Even music works this way. To someone just listening, the difference between a lullaby and a symphony seems enormous. To a musician, though, both are twelve notes being arranged differently. The differences are real, but underneath them both pieces are working from the same basic elements.


This might be why expertise often sounds simpler than competence. Competence accumulates. It knows a great many things and wants you to know it knows them. Expertise, on the other hand, has learned to let go of anything that doesn't get to the root of things. It keeps pushing past the surface toward the same underlying question: what is actually producing this?


The Comfort of Naming Things


That question is easier to ask than it is to follow through on, partly because categories give us a sense of comfort and control. Once we've named something, we feel closer to understanding it than we actually are. A child points at a bird and asks what it is, an adult tells them what it's called, and that's that. But the name doesn't explain anything. It only identifies the thing. And while identifying something and understanding it can feel similar, they're different operations altogether, and the gap between the two is easy to miss.


Organizations miss it all the time. A problem appears, a category gets created, then subcategories, then a committee to manage the subcategories, then a reporting structure, then a certification program, and on it goes. Each step has its own distinct logic. That's what makes it so hard to notice what's happening. No single addition seems unreasonable. But the accumulation changes the character of the whole system. After a while, complexity starts feeding on itself. A process exists because another process requires it. A meeting exists because a report must be reviewed. The original purpose gets lost in the shuffle, and people become, without quite meaning to, custodians of categories.
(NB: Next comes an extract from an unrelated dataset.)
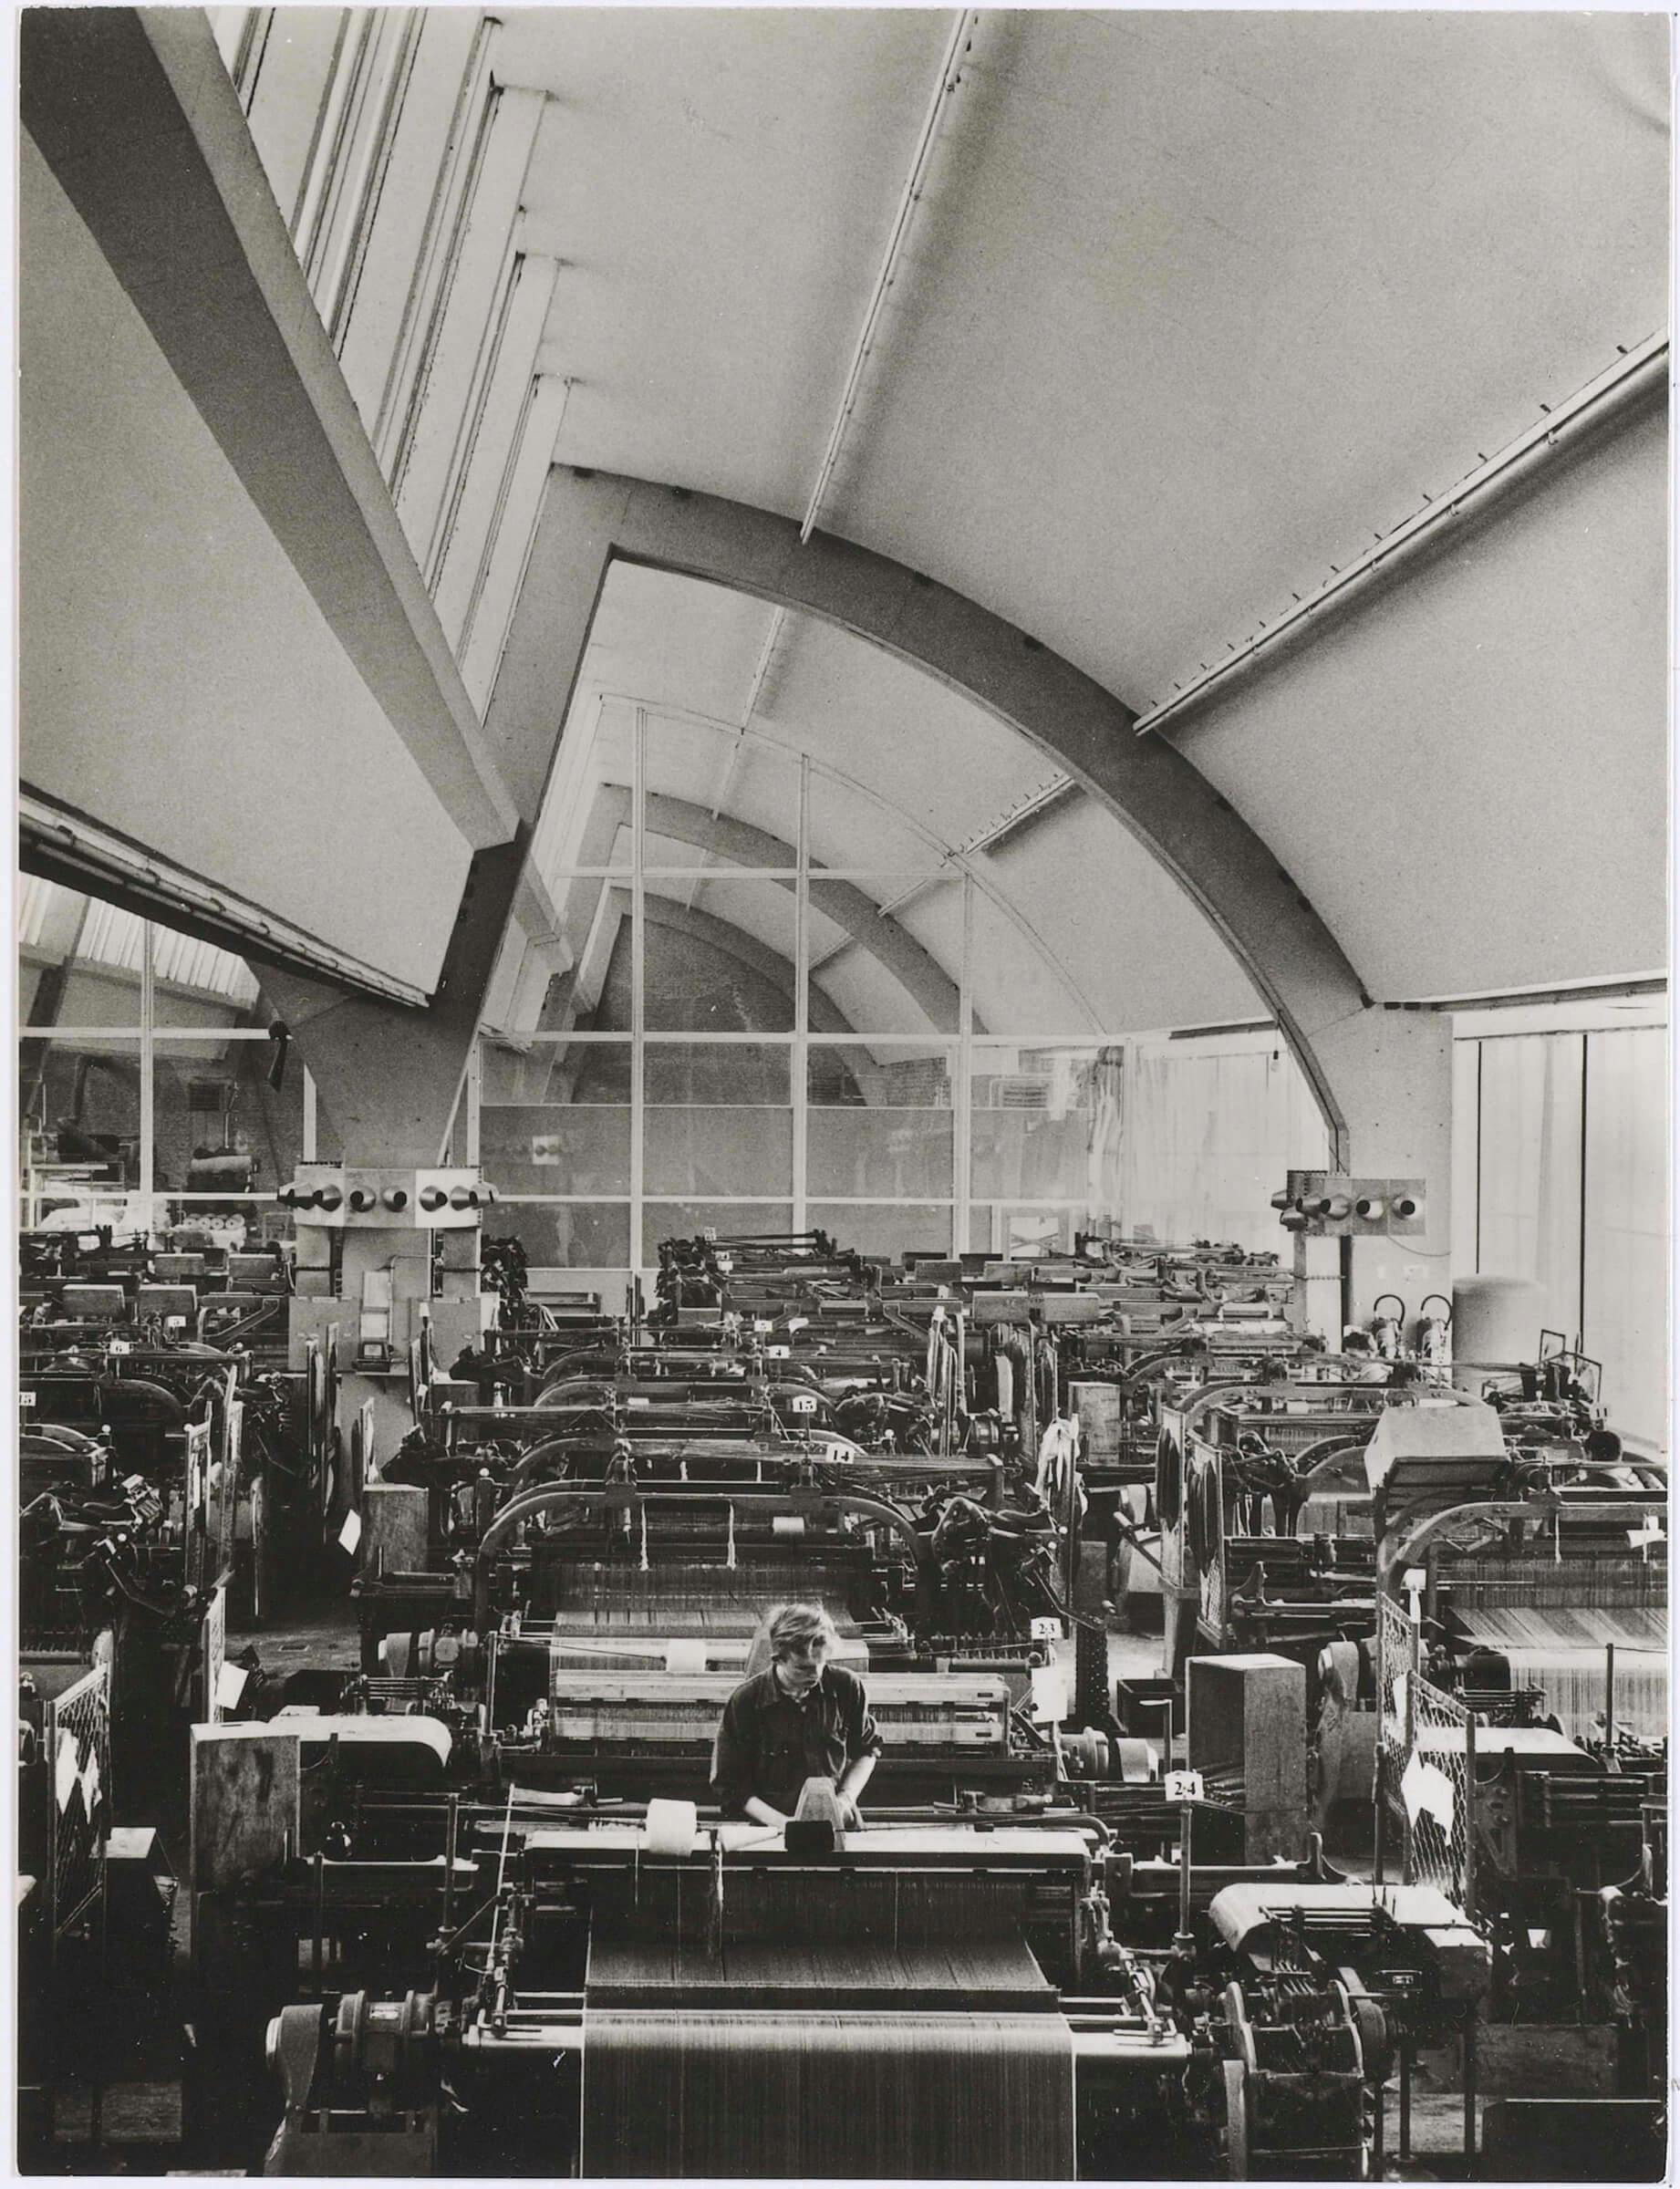 Interieur weverij van de nieuwe fabriek van Weverij van De Ploeg, Bergeijk, 1960-1980. Fotograaf onbekend. Collectie Textielmuseum. 
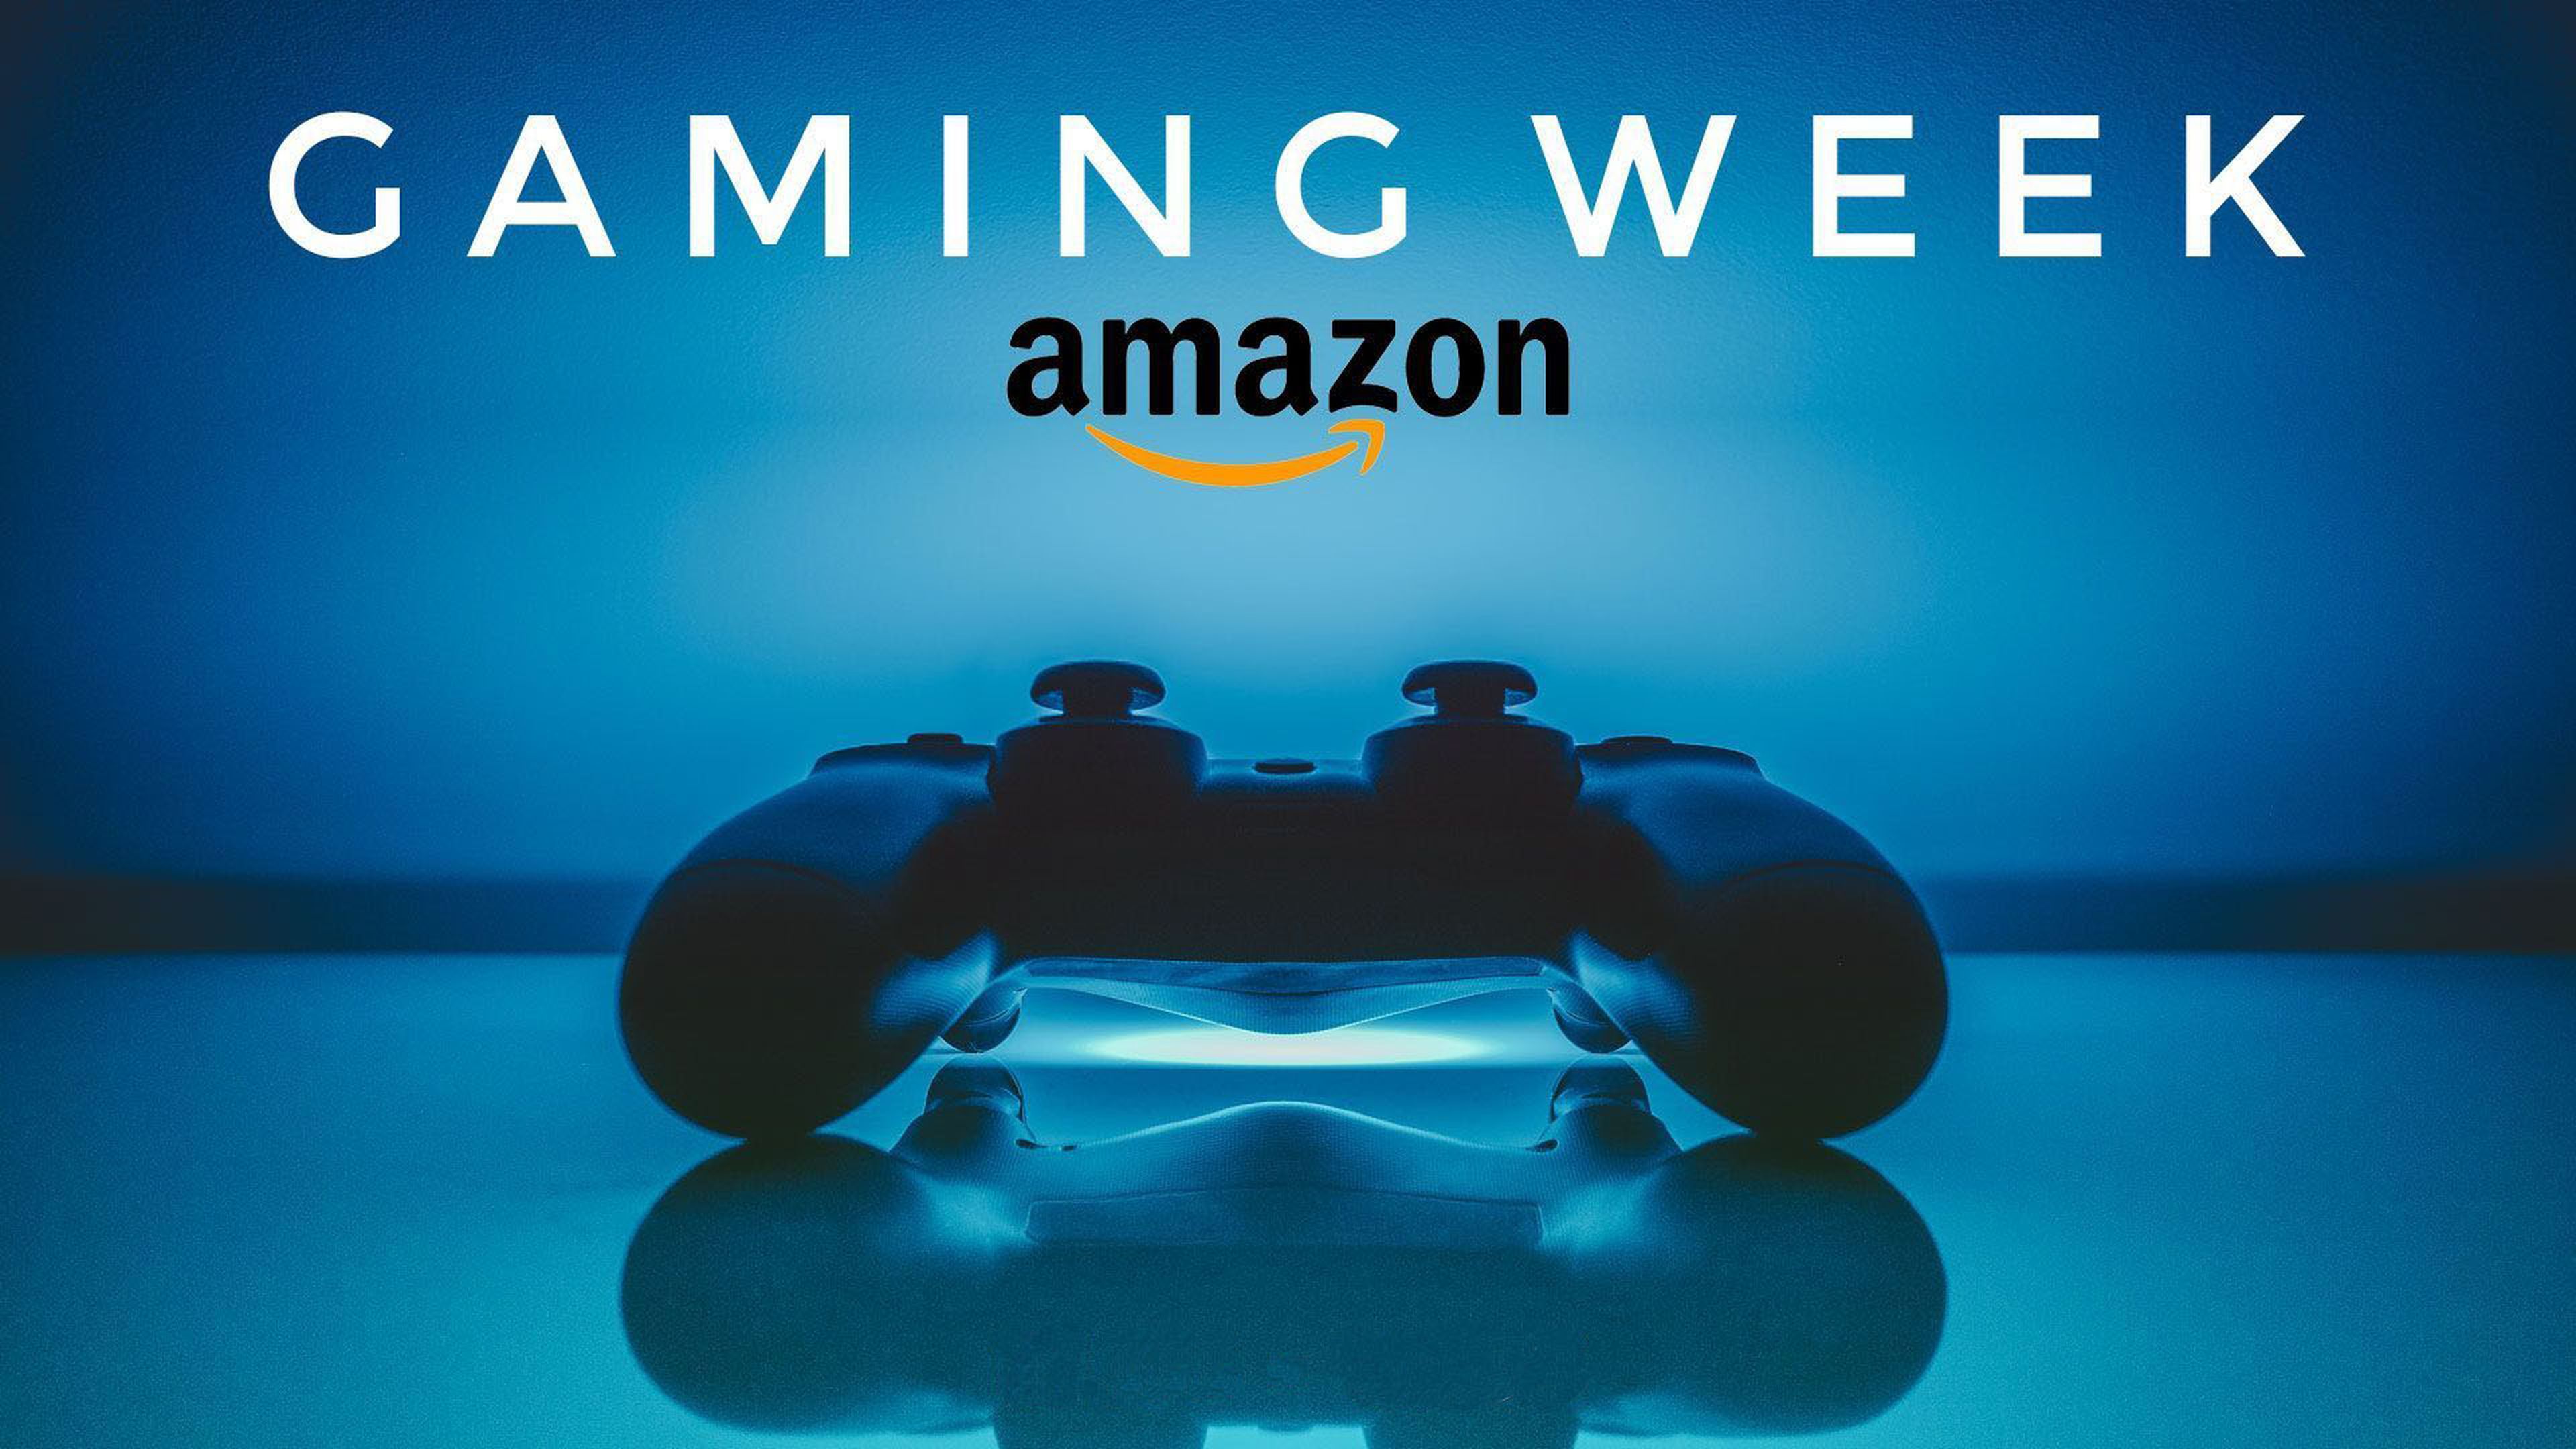 Amazon Gaming Week 2019

What This Has Cost Leadership


Leadership development has fallen into exactly this pattern. Spend any time around it and you'll encounter a growing collection of competencies, traits, behaviors, models, assessments, and frameworks. Many of them contain valuable insight, that's not the problem. The problem is that the field has become almost entirely focused on the categories themselves. A leader faces a tough situation and gets handed a model. When the next one comes along they get handed a different model. Before long the leader has a shelf full of categories and names, with very little understanding of what's underneath them, and the moment something shows up that none of the models cover, there's nothing left to reach for. And believe me, something always shows up.


Think about what it would mean to try to understand color by memorizing every shade. At some point the surface just contains too much variation. The only way forward is downward, toward the smaller set of components and relationships generating the variation in the first place. Leadership almost never moves in that direction.


Finding the Primaries


Which brings us to what should now be an obvious question: what are the primary colors?


Not the visible behaviors. Not the competency list. The things underneath them. The forces that are at work in every decision, every culture, every conflict, every success and failure a leader will ever encounter. Fear. Trust. Attention. Incentives. Belonging. Uncertainty. Maybe those aren't quite the right ones. But that's almost beside the point. The point is that the search for them is a fundamentally different kind of work than collecting more frameworks, and it produces a fundamentally different kind of leader.


A leader who has found the primaries stops asking which model applies to a situation and starts asking what forces are actually operating. That shift sounds modest. But it changes how a leader sees almost everything.


The painter studies color before studying colors. The musician learns structure before learning songs. Understanding in almost any domain deepens when the search moves from expressions to origins.


The world remains complex. That's not going anywhere. But some forms of complexity get a lot more navigable once you discover they're being generated by a surprisingly small number of things. We've gotten very good at naming the colors. The more consequential question is whether we've found the primaries yet.